Santé conjuguée n°98 - mars 2022

Médecin généraliste à la maison de santé Potager, à Saint-Josse-ten-Noode, elle est également conseillère santé pour le parti Ecolo-Groen au parlement fédéral. Précédemment, elle était membre du bureau stratégique de la Fédération.

Le bureau stratégique – pour résumer avec un mot que peu de gens aiment –, on dirait qu’on est des lobbyistes au service d’une bonne cause. Évidemment, les lobbyistes pensent toujours que leur cause est la meilleure, mais on est, oui, des militants pour transformer le système de santé en Belgique afin qu’il soit plus orienté vers des soins de santé primaires et vers une meilleure accessibilité aux soins pour tous. Le modèle que l’on défend pour cela, un des moyens, c’est de développer plus de maisons médicales. On défend toutes les méthodes qui permettent d’augmenter l’accès aux soins pour les patients, on défend la qualité des soins, on défend surtout le travail des équipes interdisciplinaires. Du côté des patients cela améliore, je pense, la qualité des soins dans des situations compliquées où on a l’impression qu’il y a des blocages de communication, que l’on n’a pas tout saisi. On va partager le dossier des patients quand c’est nécessaire. J’insiste : ce n’est pas nécessaire pour tous les patients et il ne faut pas toujours partager toutes les données, toutes les informations, mais, dans les cas compliqués, pouvoir s’asseoir autour d’une table et écouter tant le point de vue de l’accueil que du kiné, du médecin que de l’infirmier, c’est ça que l’on définit comme interdisciplinarité. Non seulement parler, mais aussi travailler ensemble, parfois aller toquer à la porte du cabinet d’à côté pour dire « j’ai un patient qui a un problème de dos, est-ce que toi, kiné, tu peux me donner un avis ? L’examiner avec moi ? » Ou « est-ce que je peux venir en consultation avec toi qui es psychologue pour sortir d’une situation complexe avec ce patient-là ? ».

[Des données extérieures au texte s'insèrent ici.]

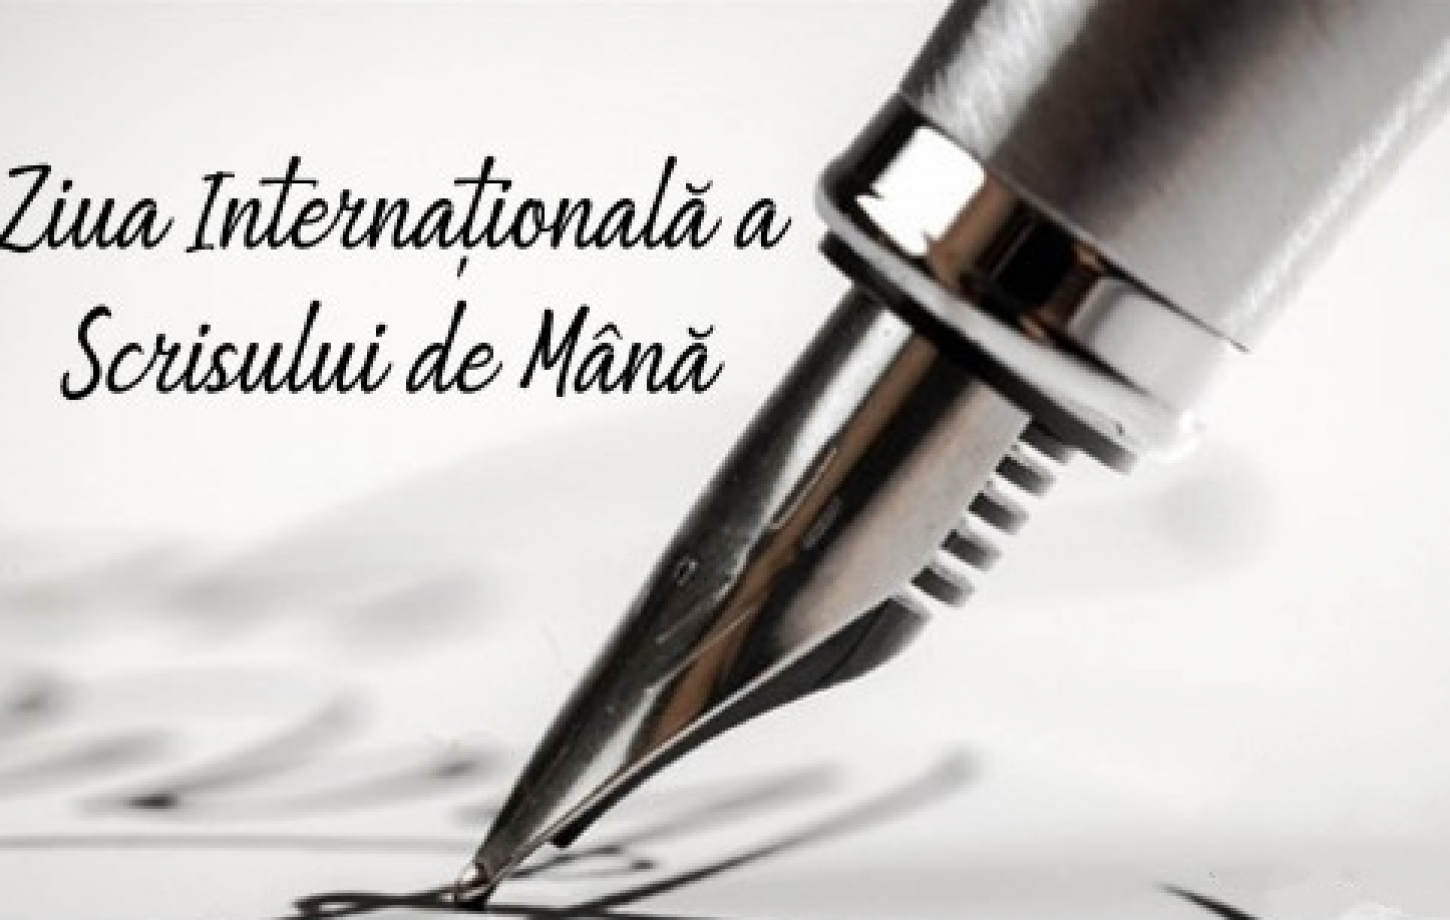 Ziua Internațională a Scrisului de mână!

L’intérêt de l’interdisciplinarité pour les équipes, c’est le bien-être au travail. C’est d’avoir des collègues avec qui l’on peut échanger des compétences, des informations, poser des questions. En termes scientifiques et de compétences, ça ne fait que nous tirer vers le haut, pour autant qu’on se laisse remettre en question et qu’on s’entende bien. On a le droit de partager certaines informations, mais c’est important de toujours demander le consentement du patient. La priorité, c’est les intérêts du patient. Les patients ont toujours le droit de dire « ça, je ne veux pas que les autres le sachent ». C’est indispensable, si on veut faire du bon travail interdisciplinaire, de se réunir, de se parler, de se faire confiance, d’échanger les pratiques, d’échanger au sujet des patients. Je pense qu’il faut une bonne dose d’humilité et de capacité de se taire parfois, avoir la capacité de se remettre en question, la capacité d’accepter des consensus qui ne sont pas ce que, nous, on aurait fait tout seul, mais d’appliquer ce qui est bon pour la collectivité. Oui, ça demande des aptitudes et beaucoup de communication, beaucoup d’écoute.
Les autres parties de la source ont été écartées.